Correct. But that may actually hurt performance.

Games generally issue read requests serially (one after the other) - if a write requires a seek, it’s going to take 5-20ms to complete, and knock the head out of position. Then the drive has to seek back. Doing a read then write them read then write (issued from different programs on the same drive) actually harms performance far more than you’d think.

Your operating system may see some reads coming from a game, issue them to the drive, then also issue some writes since it’s been a few miliseconds and it wants those writes to happen soon. More reads could come in at any time, but it won’t wait to see. Extra cache would let the drive put those writes on the backburner while important reads are dealt with. Currently, once you run out of drive cache (for example, when unzipping a file) the drive has to deal with the writes immediately. This can be quite detrimental to the performance of other software, and is one of the reasons people consider HDDs so slow.

After experimenting with huge write caches with the FancyCache software, I can tell you that hard drives feel way way way quicker when writes can be put on the backburner near indefinitely. (In practice the writes drain to disk as soon as possible - but it would keep stockpiling them if it needed to.)

Here’s an example you can probably wrap your head around. If I’m launching the game Borderlands, it takes about 25 seconds to start. If I’m launching it while unzipping something in the background, it takes about 3-4 minutes to start. (The effect of having to seek around to write, then seek back to read, etc.) If however I have a large FancyCache write cache, then it takes about 25 seconds to start. (again, while unzipping something in the background) However, I can hear my drive clicking away for another ~20 seconds afterwards, presumably writting all the unzipped stuff. That’s the effect of more write cache. That’s what I want, but without the danger of a BSOD or kernel panic nuking huge amounts of data (and my filesystem) - more drive cache improves performance safely. It’s a good thing. I want it.

-Kramy

All windows versions since NT 3.1 ( on which Win2k and all subsequent releases have been based ), have absolutely used availible free ram to cache disk IO.  Journaling filesystems like NTFS were designed to ensure that power loss would not cause catastrophe using techniques such as a journal.  Such writes bypass any cache on the disk since the disk cache is also lost in the event of a power failure.
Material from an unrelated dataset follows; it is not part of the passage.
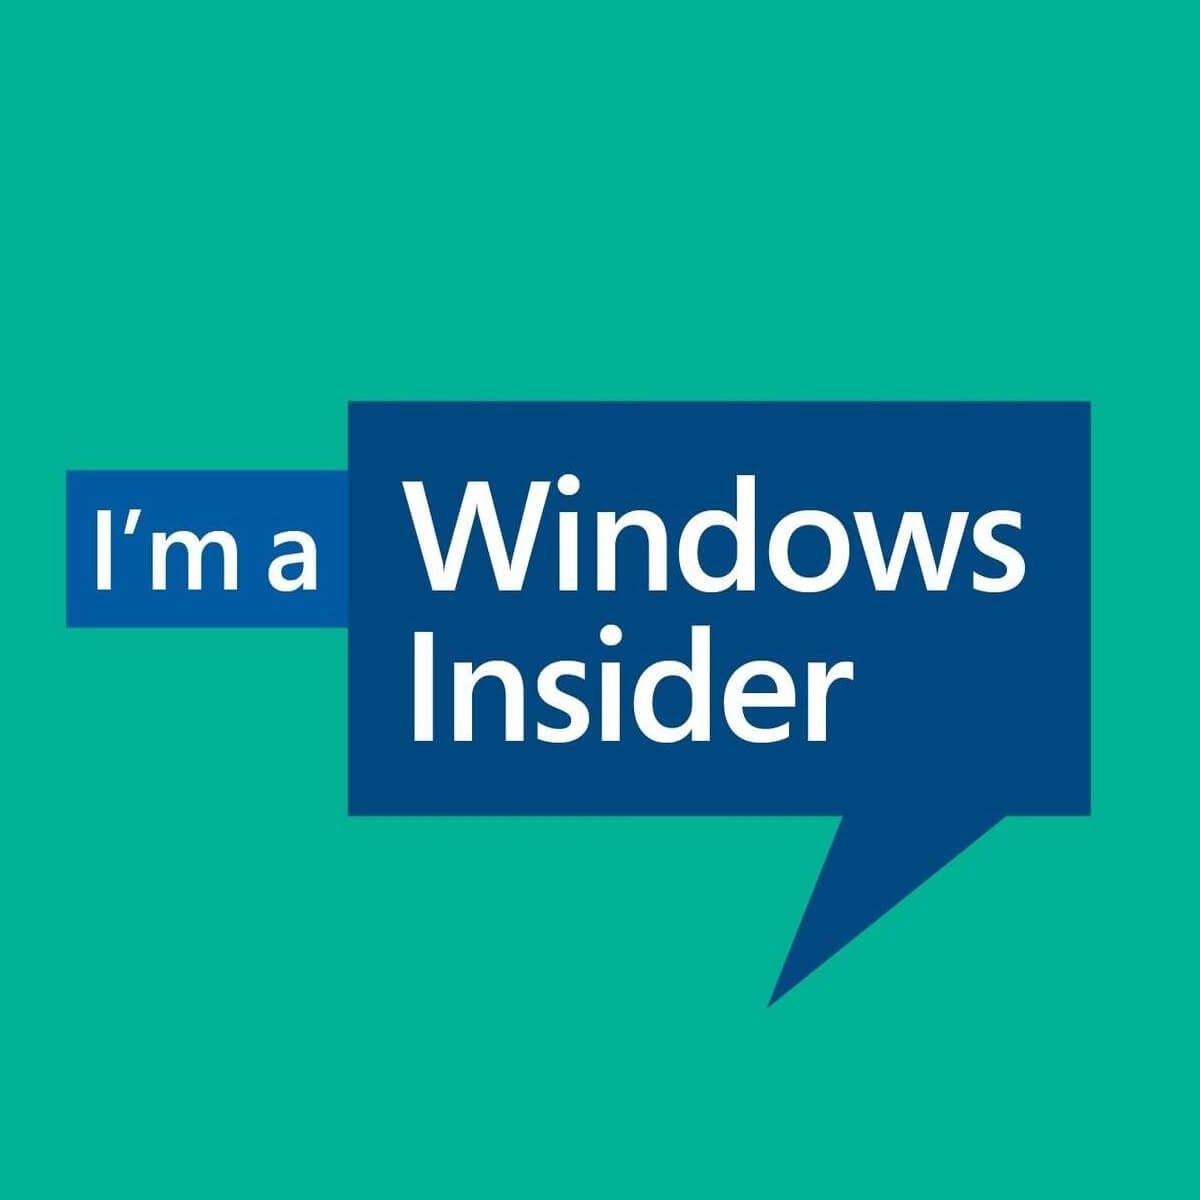 Windows 10 19H2 Build 18362.10006 got released for some lucky insiders

Disk write cache does not help since games do not write much data in the first place.  Any data they do write certainly can fit in the kernel filesystem cache, which generally has access to far more memory than the on disk cache, thus, adding more disk cache will not help ( unless you add a LOT of disk cache ).

Yes, it is a generalization that games are smart enough to preload data they will need before they need it.  It also happens to be largely true, and adding disk cache will not help games that do not, since cache mostly keeps around data that has been recently acceded, not data that will soon be needed, but has not been accesedd lately, thus a badly written game engine will not benefit from more disk cache.

If you think it is easy to add cache to a drive, it is even easier to add ram to the system, and let the OS use it for cache.

Extra cache on the drive would not allow the drive to delay background writes any more than the OS could given the same amount of additional ram, hence, it is better to add the ram to the OS than to the drive.  If unzipping in one process slows down another process that is just reading that much, then that points to a fault in the OS, not the drive; the OS should be prioritizing the reads over the writes ( and Linux does so ).

In terms of data safety, any application that cares about safety bypasses the OS and disk cache and makes sure its important data has hit the physical medium before proceeding anyhow.  Moving cache from the OS to the disk theoretically could allow applications to only require the data hit the disk cache before proceeding, but applications are not written to do so; if they care about the data, they make sure it is actually on the disk, not just in the disk cache, because they care about power failures, not just kernel crashes.